How to Approach Multiple-Choice Questions - Test-Taking Strategies for the AP Chemistry Exam - Cracking the AP Chemistry Exam

Cracking the AP Chemistry Exam

Part III

Test-Taking Strategies for the AP Chemistry Exam

Chapter 1

How to Approach Multiple-Choice Questions


Section I of the test is composed of 60 multiple-choice questions, for which you are allotted 90 minutes. This part is worth 50 percent of your total score.

For this section, you will be given a periodic table of the elements along with a sheet that lists common chemistry formulas, and you may NOT use a calculator. The College Board says that this is because the new scientific calculators not only program and graph but also store information—and they are afraid you’ll use this function to cheat!

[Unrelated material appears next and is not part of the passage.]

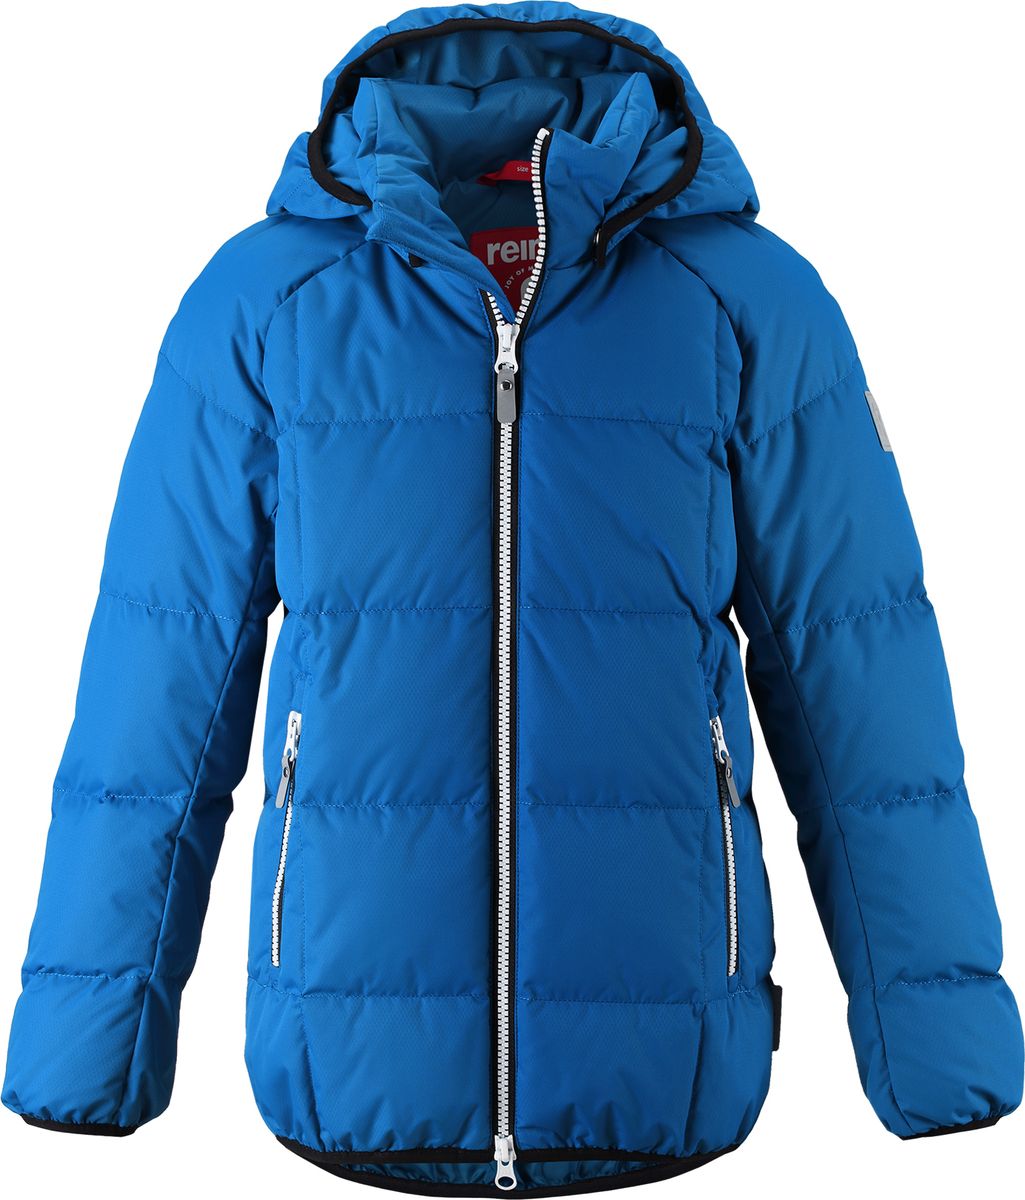 Куртка для мальчика Reima Jord, цвет: синий. 5313596680. Размер 110

On the multiple-choice section, you receive 1 point for a correct answer. There is no penalty for leaving a question blank or getting a question wrong.


According to the College Board, the multiple-choice section of the AP Chemistry Exam covers more material than any individual student is expected to know. Nobody is expected to get a perfect or even near perfect score. What does that mean to you?

Use the Two-Pass System

Go through the multiple-choice section twice. The first time, do all the questions that you can get answers to immediately. That is, do the questions with little or no math and questions on chemistry topics in which you are well versed. Skip questions on topics that make you uncomfortable. Also, you want to skip the ones that look like number crunchers (even without a calculator, you may still be expected to crunch a few numbers). Circle the questions that you skip in your test booklet so you can find them easily during the second pass. Once you’ve done all the questions that come easily to you, go back and pick out the tough ones that you have the best shot at.

In general, the questions near the end of the section are tougher than the questions near the beginning. You should keep that in mind, but be aware that each person’s experience will be different. If you can do acid-base questions in your sleep, but you’d rather have your teeth drilled than draw a Lewis diagram, you may find questions near the end of the section easier than questions near the beginning.

That’s why the Two-Pass System is so handy. By using it, you make sure you get to see all the questions you can get right, instead of running out of time because you got bogged down on questions you couldn’t do earlier in the test.

Don’t Turn a Question into a Crusade!

Most people don’t run out of time on standardized tests because they work too slowly. Instead, they run out of time because they spend half the test wrestling with two or three particular questions.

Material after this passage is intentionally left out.